▸ RECORDS PROVIDED:
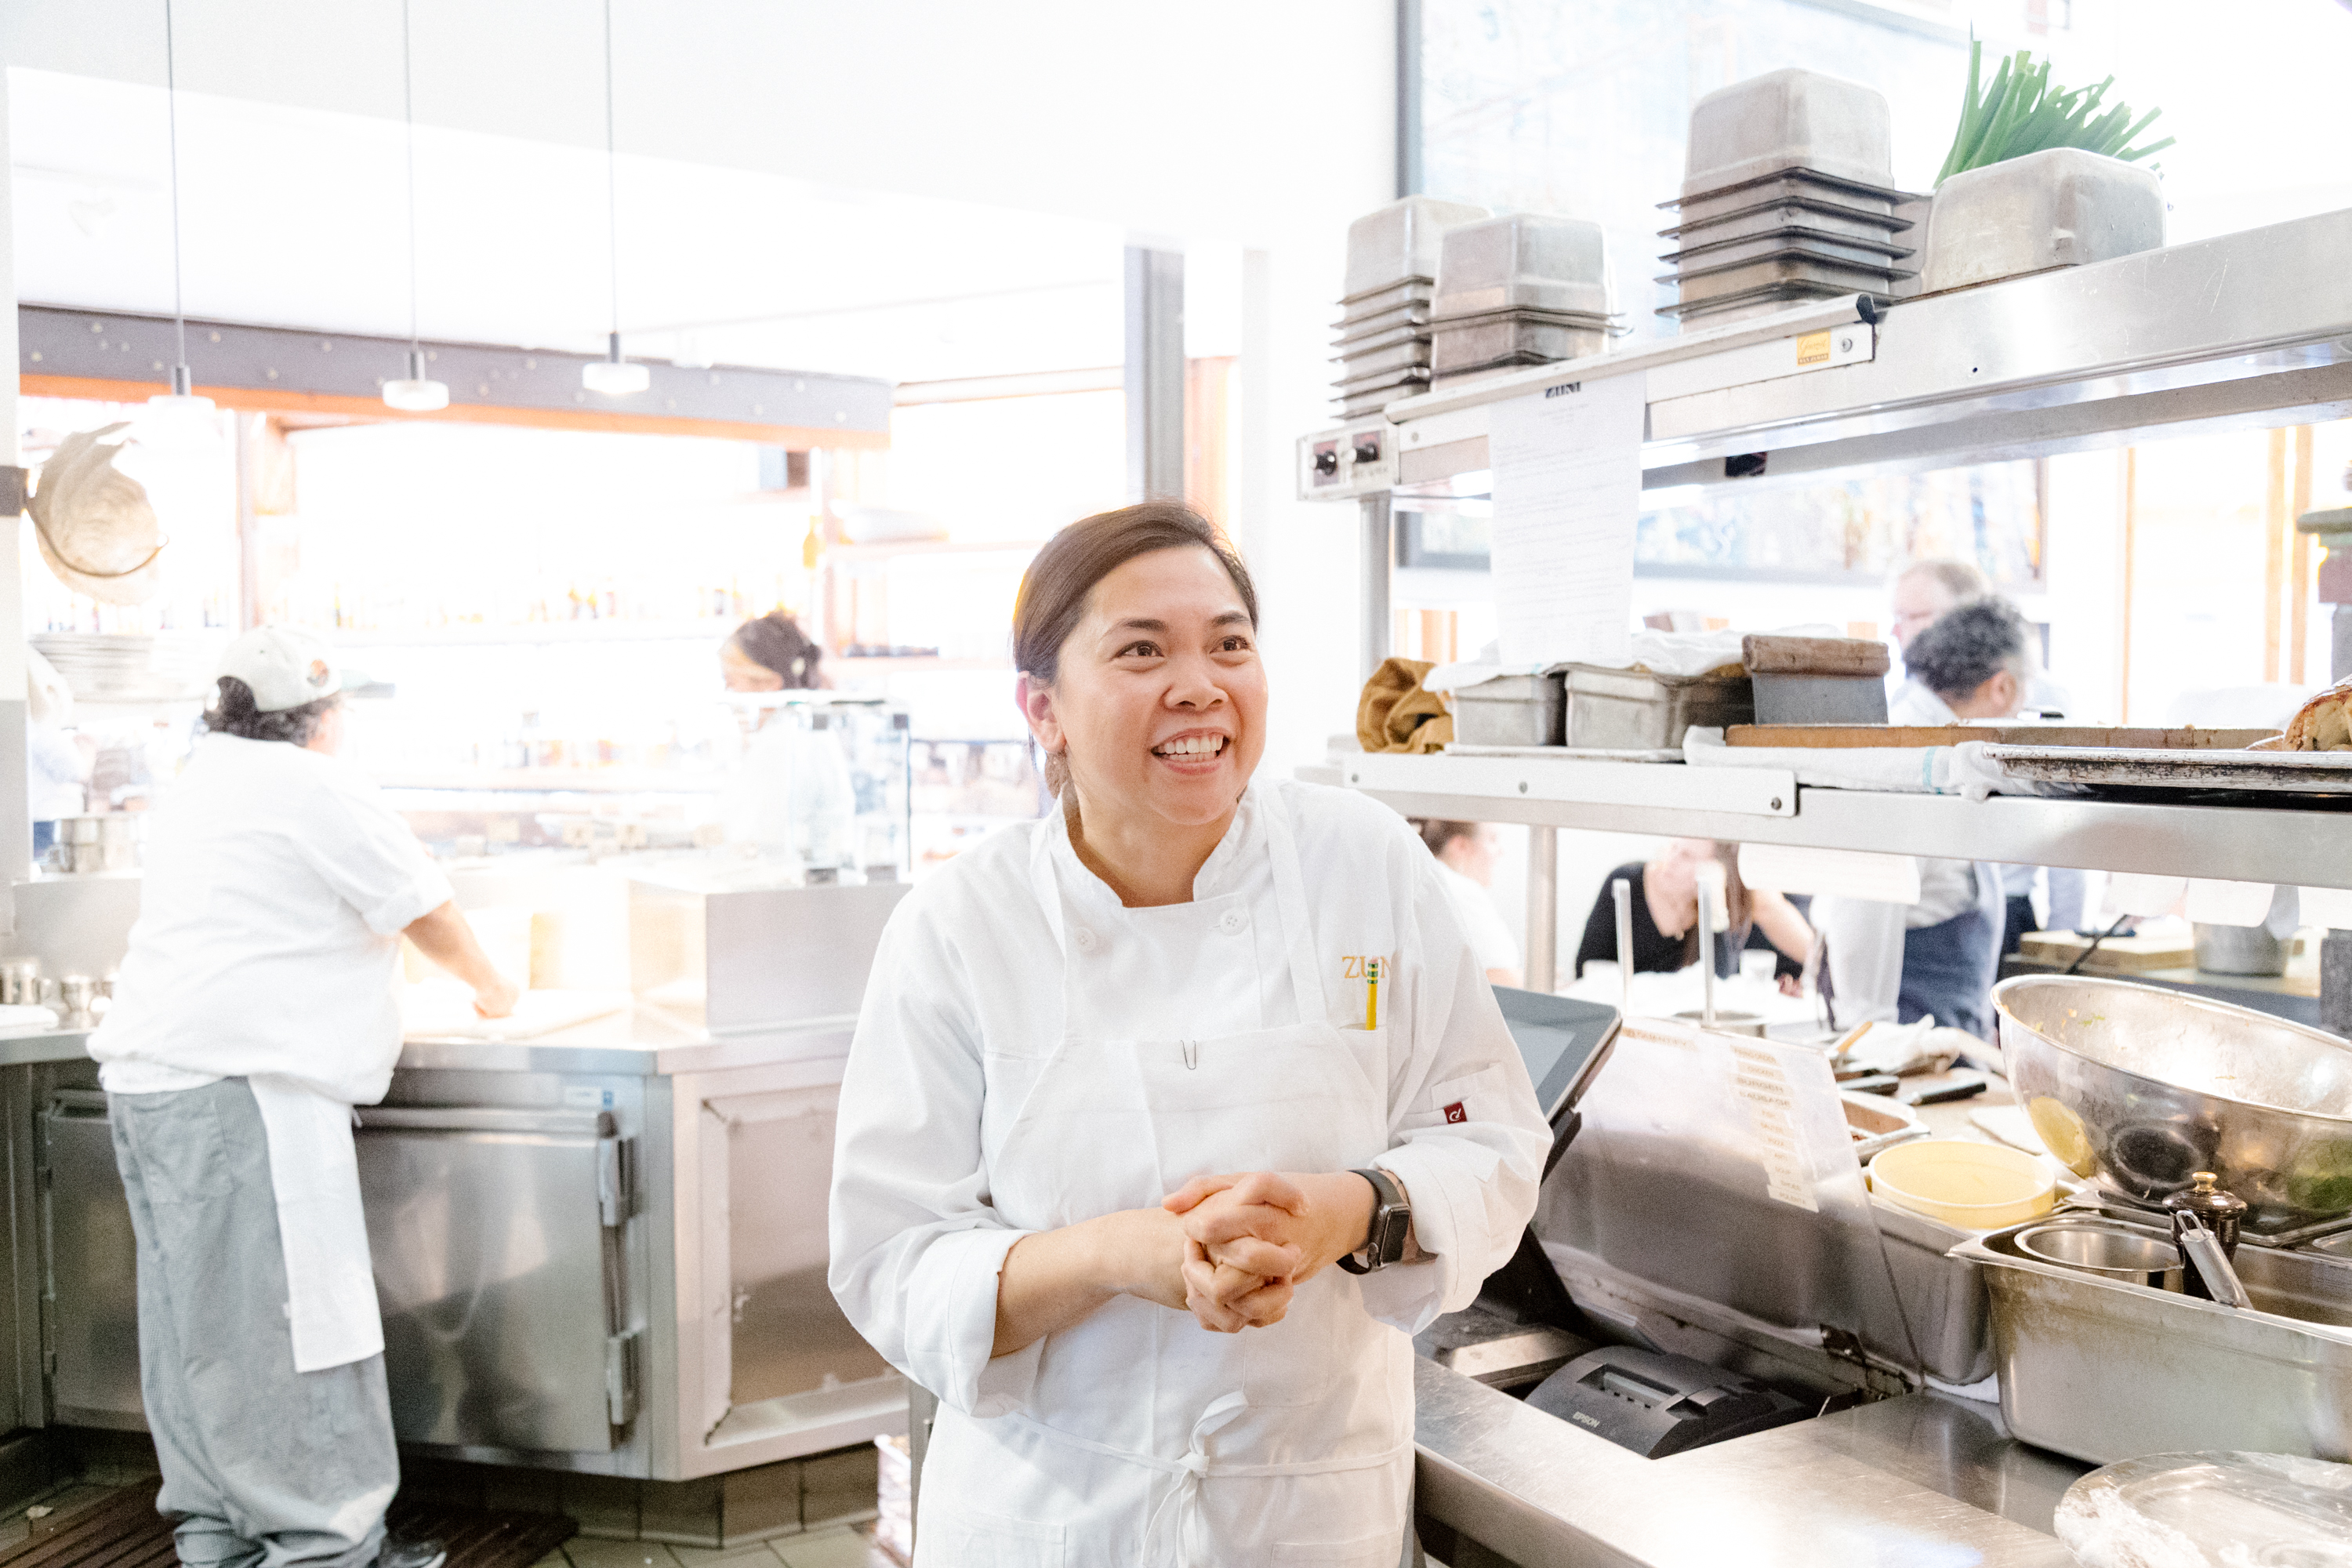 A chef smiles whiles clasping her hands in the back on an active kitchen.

---

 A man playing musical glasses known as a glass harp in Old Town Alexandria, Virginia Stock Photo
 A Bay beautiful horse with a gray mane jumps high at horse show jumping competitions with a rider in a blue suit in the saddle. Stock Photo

▸ DIRECTIONS:
The answer must consist of every line from the entries above that contains "Photo".

▸ EXERCISE ANSWER:
 A man playing musical glasses known as a glass harp in Old Town Alexandria, Virginia Stock Photo
 A Bay beautiful horse with a gray mane jumps high at horse show jumping competitions with a rider in a blue suit in the saddle. Stock Photo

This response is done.